State legislative leaders are offering their final written arguments to the U.S. Supreme Court in a federal voter ID case. Legislators seek the court’s permission to intervene in the case to defend voter ID.

The nation’s highest court will hear oral arguments March 21 in the case titled Berger v. N.C. State Conference of the NAACP. State legislative leaders submitted their latest brief in the case Tuesday.

“This case is not a dispute over litigation tactics,” according to the document from attorney David Thompson, representing North Carolina’s Republican legislative leaders. “Instead, this case implicates important questions of state sovereignty and a state’s ability to designate agents to represent its interests in court.”

Lower courts have blocked legislative leaders from participating in a federal lawsuit challenging North Carolina’s 2018 voter ID law. Those courts have ruled that Democratic N.C. Attorney General Josh Stein’s attorneys are providing adequate representation of state interests.

Top lawmakers disagree. They argue that their interest in defending the ID law differs from Stein’s interest in representing the N.C. State Board of Elections. Legislators also argue that state law opens the door for their participation in the case.

“The ultimate question that this Court must decide is whether a federal court may disrespect a sovereign state’s judgment that officials charged with administering state laws are not alone adequate representatives of the state’s interest in defending those laws,” Thompson wrote. “The answer to that question is no. The federal courts should respect North Carolina’s choice to ’empower[] multiple officials to defend its sovereign interests.’”

While the state elections board is focusing on election administration, legislative leaders “are exclusively focused on defending the voter ID law on the merits so that it can go into effect as promptly as possible.”

“‘Respect for state sovereignty’ requires courts to honor a state’s choice to structure its government ‘in a way that empowers multiple officials to defend its sovereign interests in federal court,’” Thompson added. “Where a state has two interests that tug in opposite directions, it is both permissible and entirely reasonable for the state to choose to speak through officials with different perspectives.”

Lawmakers are petitioners before the U.S. Supreme Court. They spell out a unique feature of state governments involved in lawsuits. “[T]hey are structured to protect liberty by dividing power among separately selected officials who do not answer to each other,” Thompson wrote. “As a result, a federal court’s ruling on an intervention motion in this setting has consequences for not only how state law will be defended but also who can settle the case and thus dispose of it.”

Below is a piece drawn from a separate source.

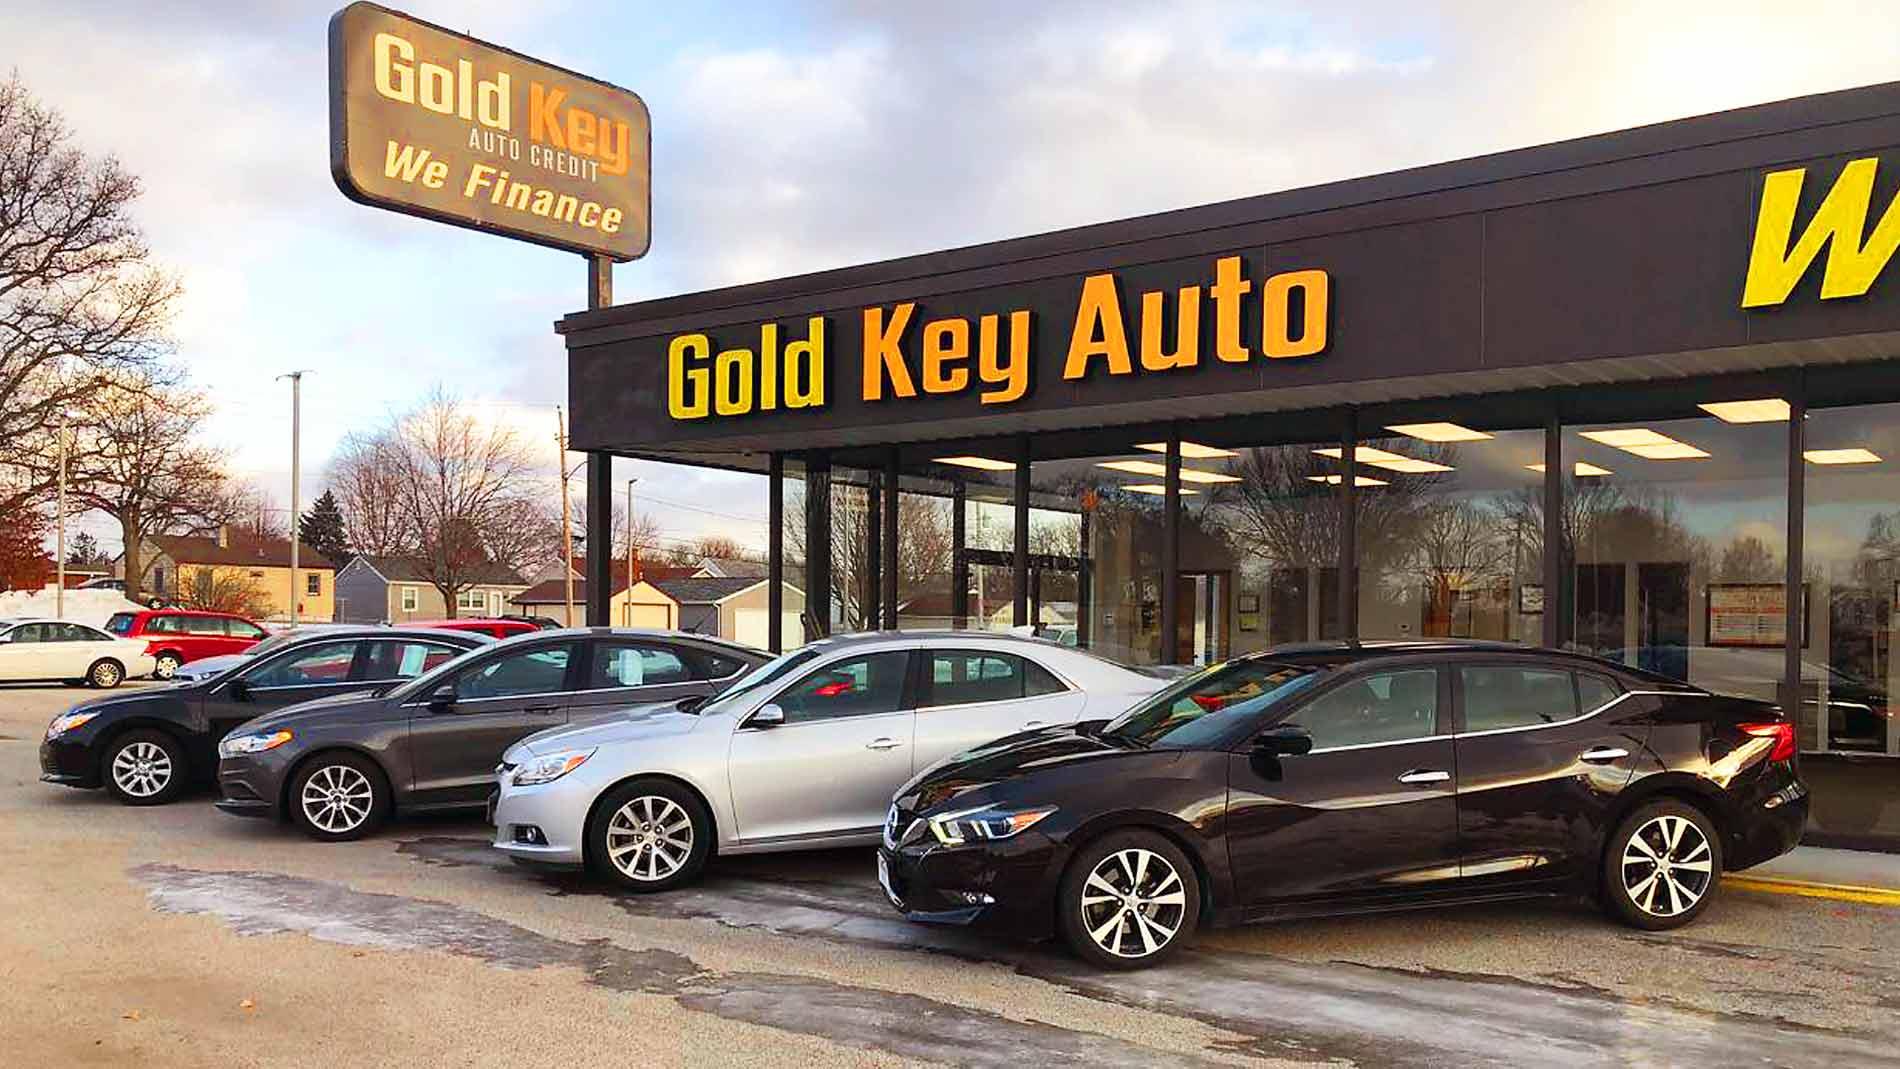 Goldkey Auto Sales Silvis Goldkey Auto Sales Silvis ::

“The state and federal litigation over North Carolina’s voter ID law illustrates this reality,” the brief continued. “Petitioners are parties to the state court case, which other state officials cannot settle without Petitioners’ consent. Yet because intervention was denied in this parallel federal case, control of the defense is entirely in the hands of state executive branch officials.”

“The distribution of power within state government should not depend on whether a plaintiff sues in state or federal court, and whatever presumptions lower courts apply in other settings should have no bearing on how the Court assesses adequacy of representation in this unique context,” Thompson wrote.

Lawmakers reject the notion that only the attorney general can represent the state in federal court proceedings. “Nothing in the North Carolina Constitution makes assertion of the State’s interest in litigation the exclusive province of the executive branch generally or the Attorney General specifically,” lawmakers’ brief explained. “Indeed, the constitution simply states that the ‘duties [of the Attorney General] shall be prescribed by law.’ The Attorney General thus only has the statutory authority granted to him in the ‘discretion of the General Assembly.'”

The U.S. Supreme Court is likely to rule by summer on legislators’ intervention in the federal voter ID case. The case will then return to U.S. District Court for a trial.

Two cases at the N.C. Supreme Court also deal with voter ID. State justices heard oral arguments Feb. 14 in a case challenging North Carolina’s 2018 voter ID constitutional amendment.

Lawyers are working on state Supreme Court filings now in a separate suit. It challenges the law implementing the constitutional ID requirement.